What do parents need to enhance participation of their school‐aged child with a physical disability? A cross‐sectional study in the Netherlands
Child Care Health and Development
Published online on May 06, 2014
Abstract
Background
The aim was to provide an overview of the number, domains and priority of needs as expressed by parents in supporting participation of their school‐aged child with a physical disability. Additionally, this study investigated whether the number of needs within each domain is related to the child's gross motor function level, parent's perceived own general health, family socio‐economic status and family type.
Method
A cross‐sectional study with a total of 146 participants (84.9% mothers) who completed a survey including the Family Needs Inventory – Paediatric Rehabilitation, the Gross Motor Function Classification System Family Report Questionnaire, the General Health Questionnaire and a demographic questionnaire. A need has been operationalized as ‘a family's, parent's or other family member's expressed desire for information, services and supports related to their family’. Descriptive statistics and correlation analysis were applied.
Results
Parents (n = 146; response rate 27%) varied in the number of expressed needs (range 0–124; mean = 35.9; median = 30; SD = 25.6). Highest mean percentage scores were found for the domains ‘Laws, regulations and fees’ (36%), ‘Leisure time’ (35.6%) and ‘Aids, adaptations, facilities and resources’ (33.8%). Seven single needs were expressed by 50% or more of the parents. All domains of needs showed a positive correlation with perceived parental general health.

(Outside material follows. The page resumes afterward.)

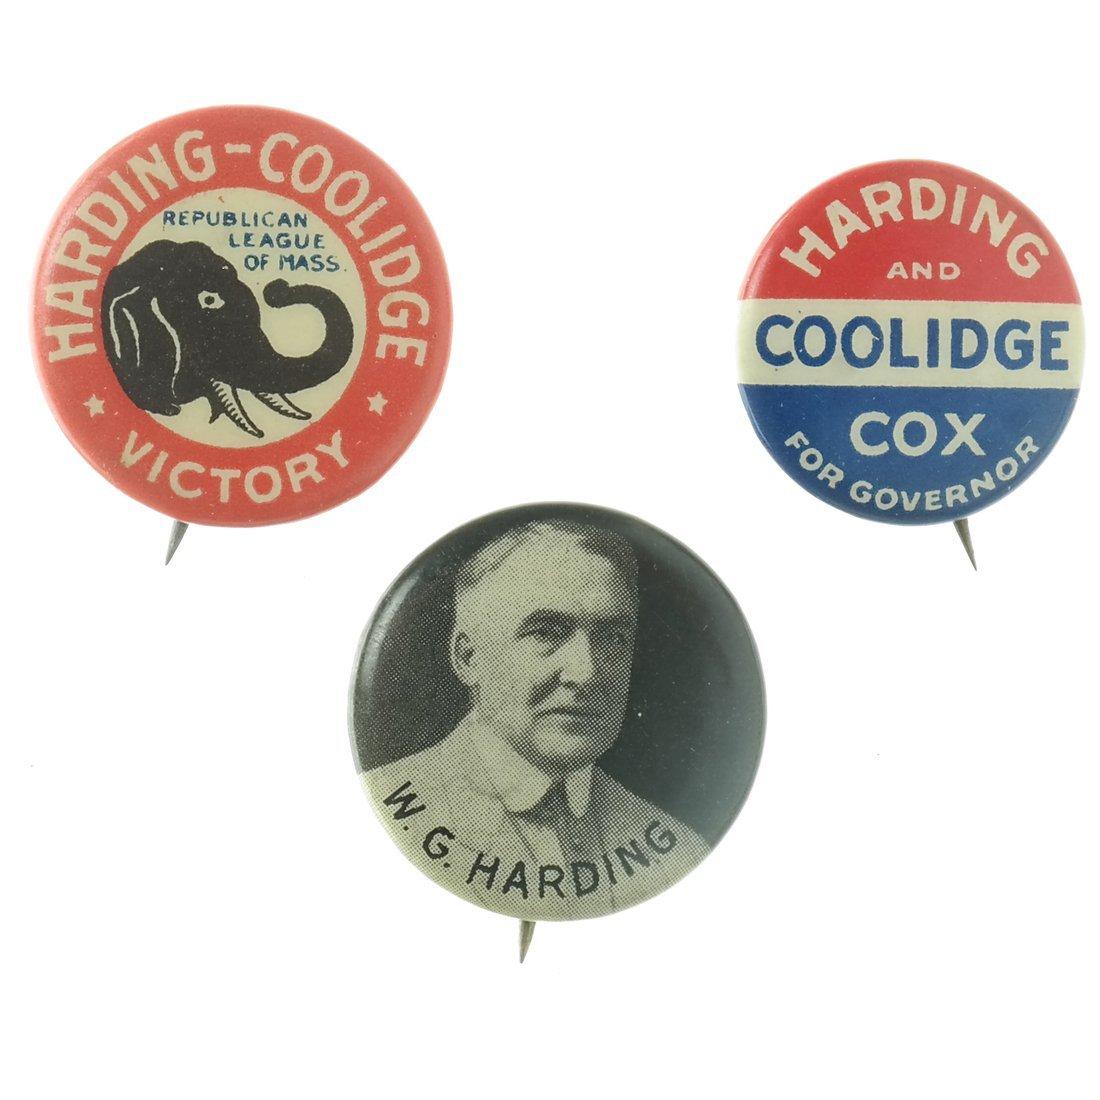 Harding & Coolidge - Three 1920 Celluloids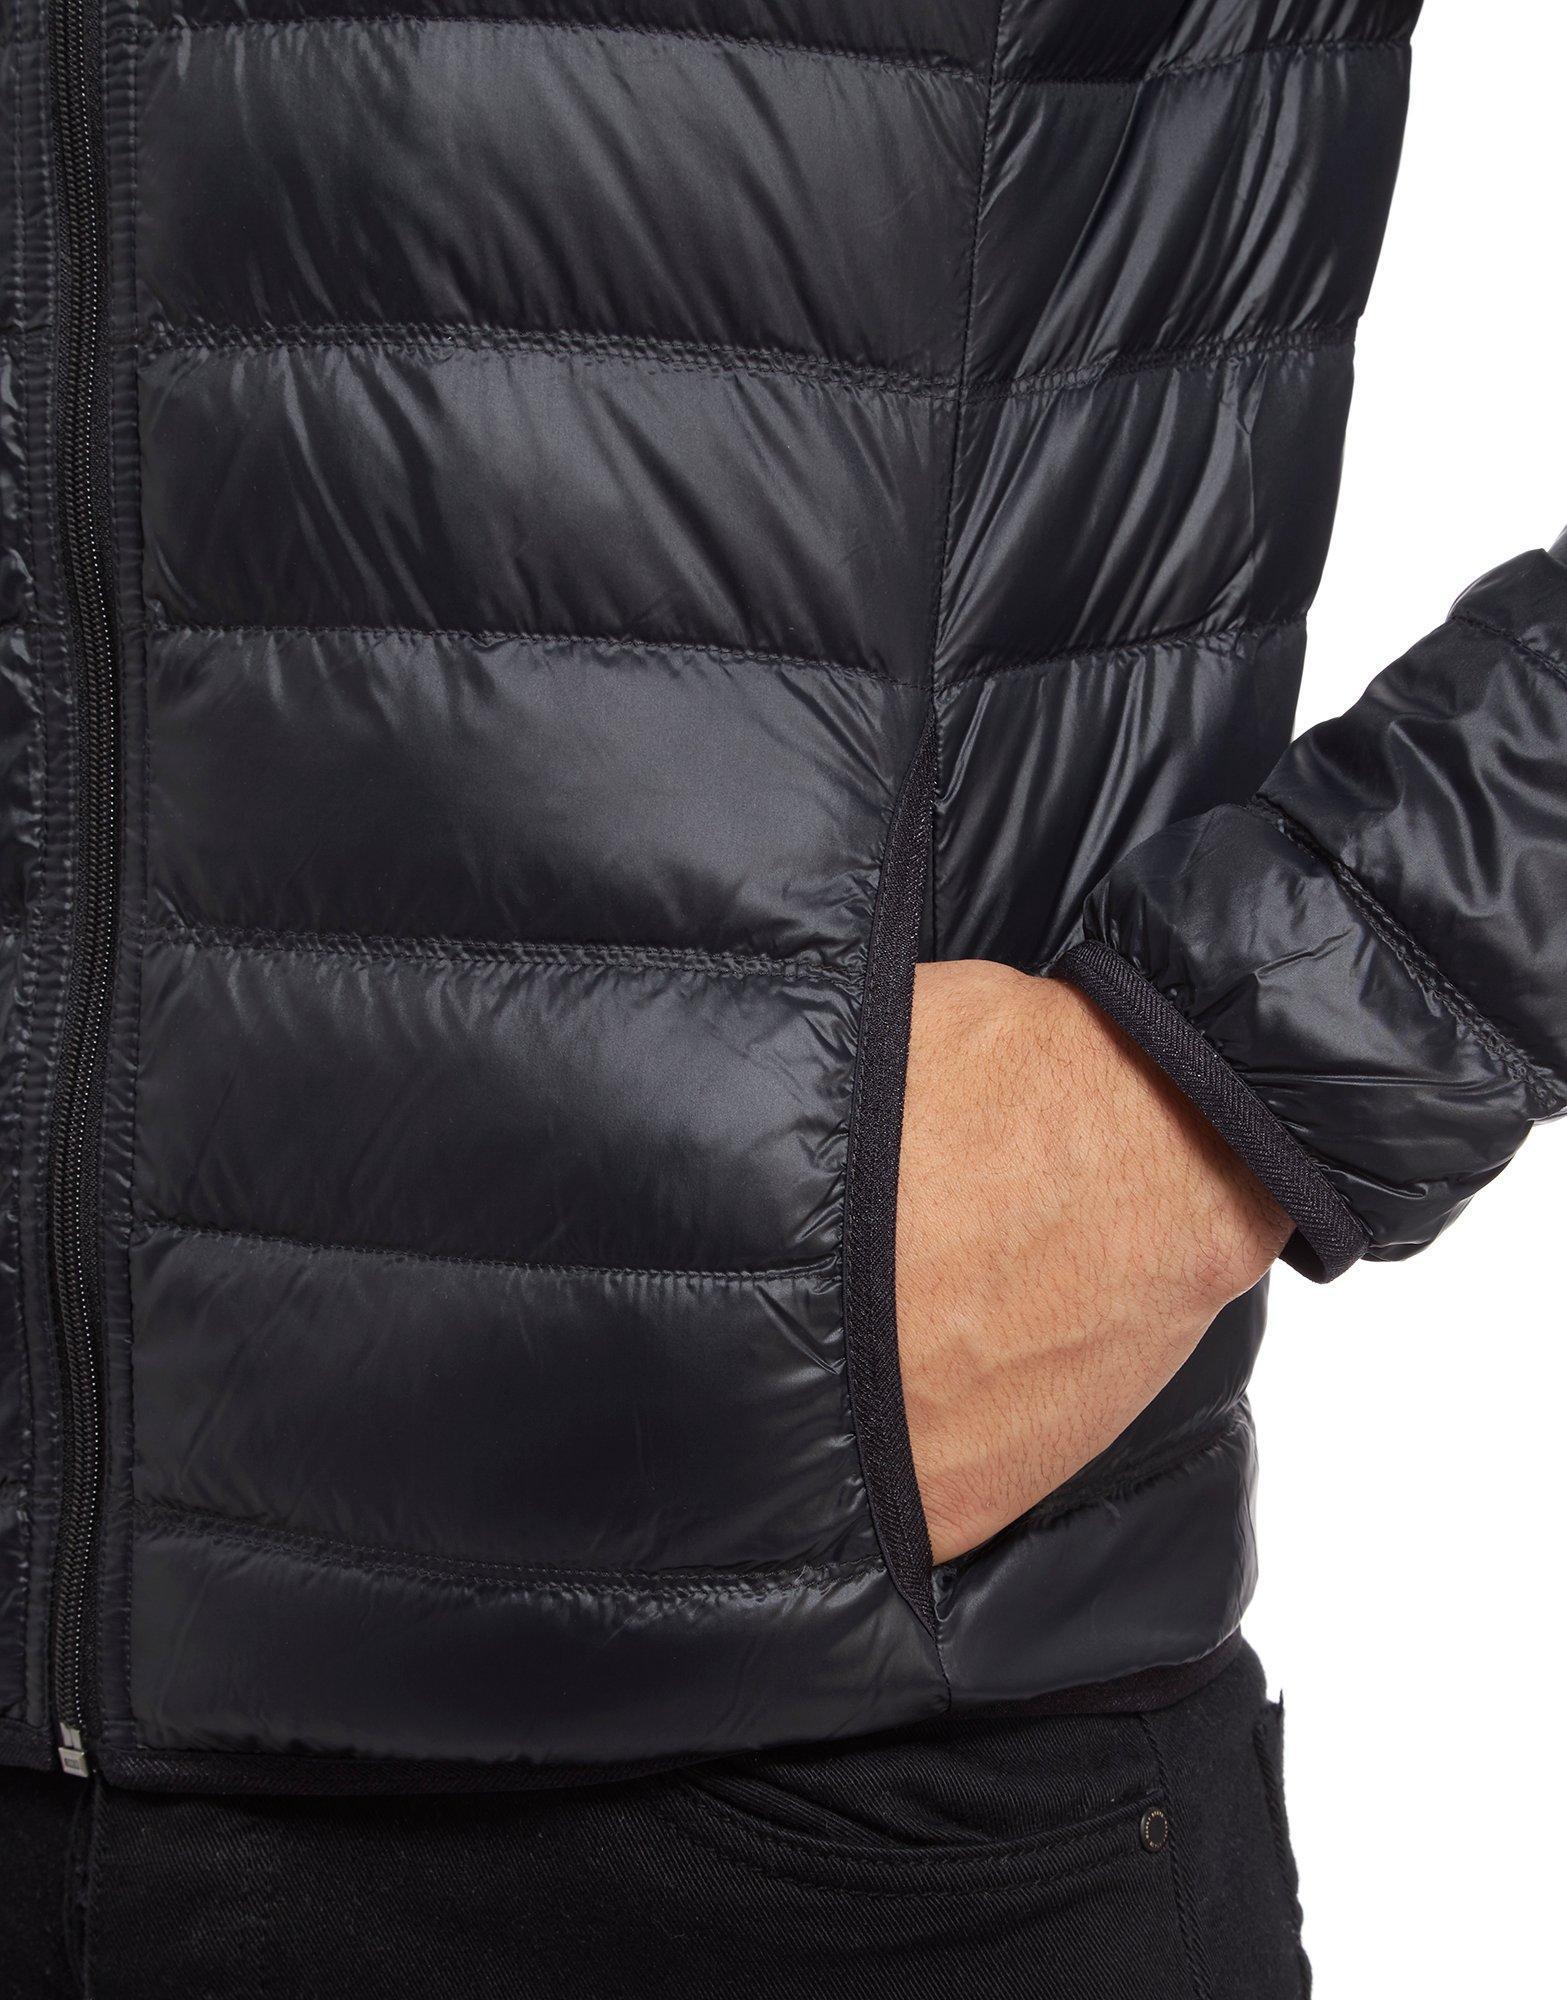 EA7 Synthetic Core Bubble Jacket in Black/White (Black) for Men

The domains ‘Laws, regulations and fees’, ‘Day care & school’, ‘Emotional and mental support’ and ‘Raising my child’ correlated negatively with family socio‐economic status; and child's gross motor function level correlated positively with the domains ‘Aids, adaptations, facilities and resources’, ‘Practical support at home’ and ‘Leisure time’.
Conclusions
As parents have a major influence on participation of children with a physical disability, meeting their individual needs should become an objective for service providers and policy makers. Family‐centred service might be more effective by putting a greater emphasis on changing the environment.